→ **What is being asked**: Beginning with the line below that contains "CHANEL (Made in France)" and ending with the line that contains "Length : 33", copy every line exactly. Copy nothing else.

→ **Data to process**:
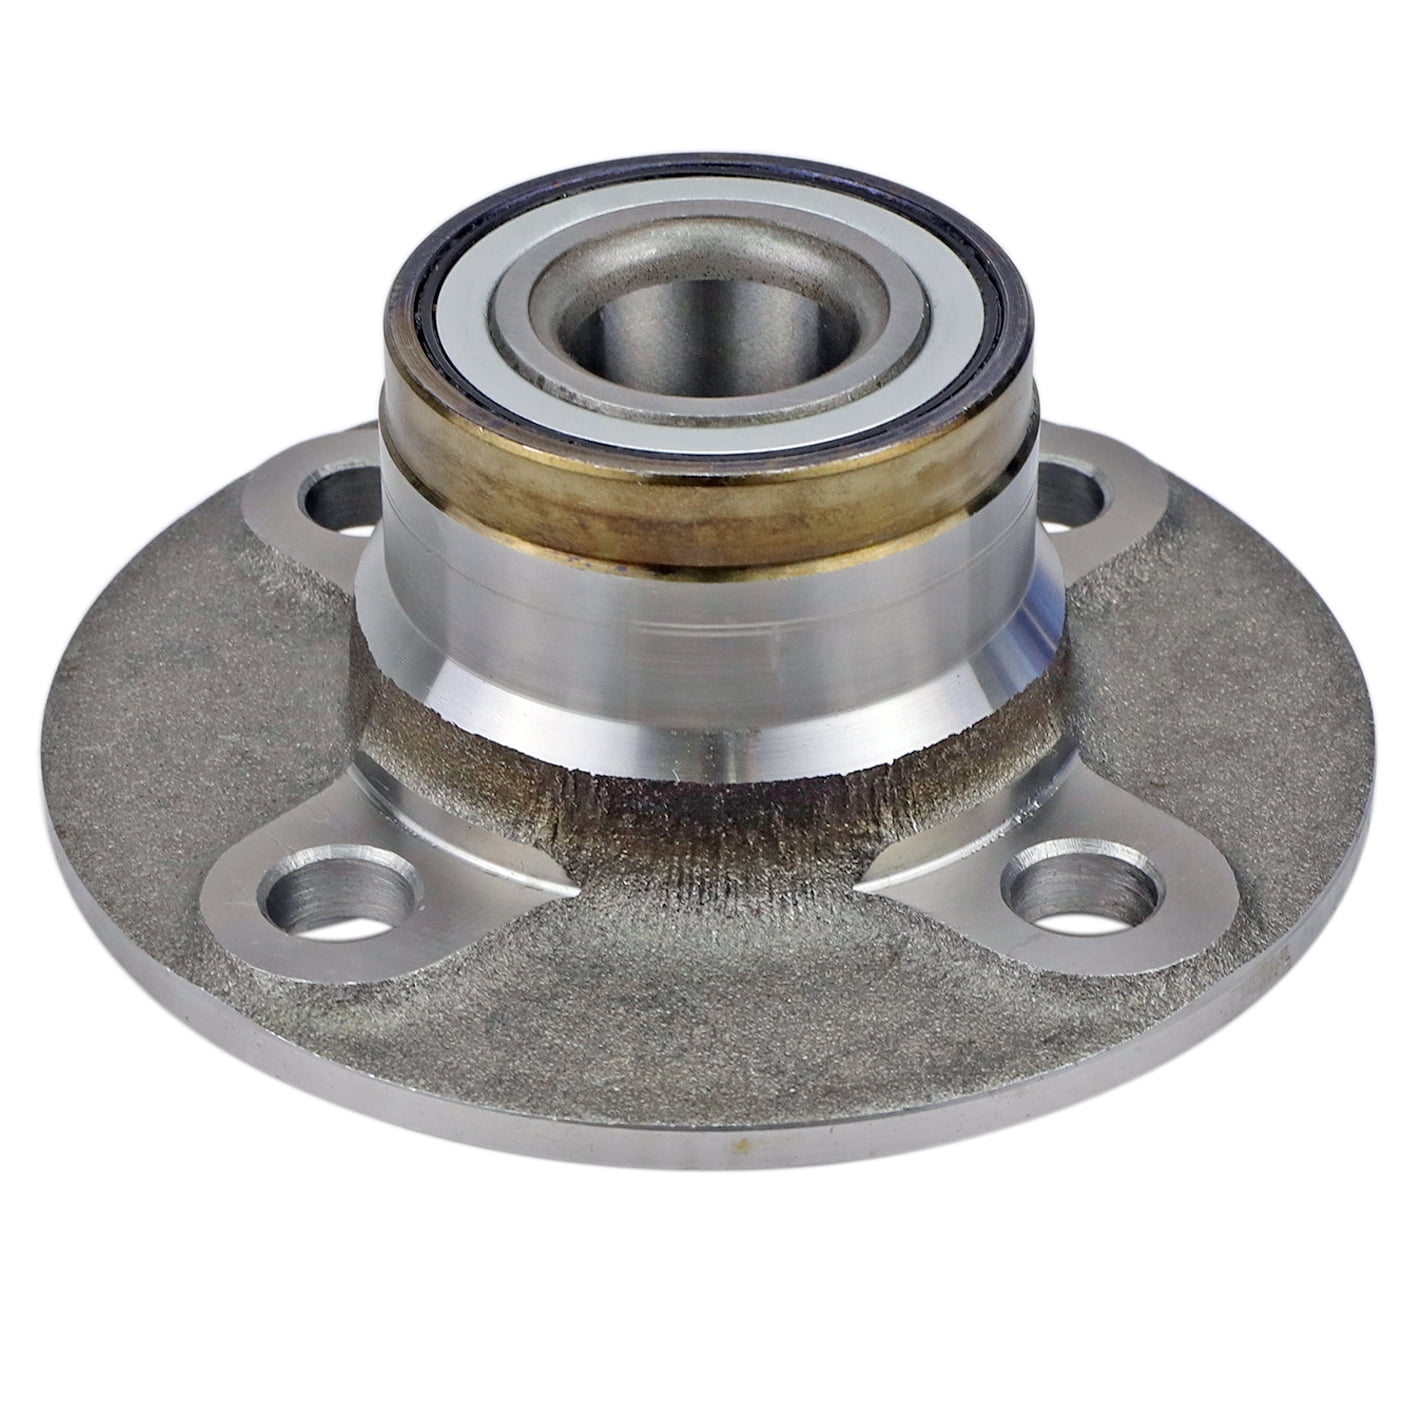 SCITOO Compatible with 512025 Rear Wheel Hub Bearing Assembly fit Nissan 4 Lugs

* * *

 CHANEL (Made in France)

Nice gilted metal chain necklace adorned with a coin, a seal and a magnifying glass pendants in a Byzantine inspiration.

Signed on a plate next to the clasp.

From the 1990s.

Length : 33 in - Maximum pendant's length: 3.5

→ **Solved problem**:
 CHANEL (Made in France)

Nice gilted metal chain necklace adorned with a coin, a seal and a magnifying glass pendants in a Byzantine inspiration.

Signed on a plate next to the clasp.

From the 1990s.

Length : 33 in - Maximum pendant's length: 3.5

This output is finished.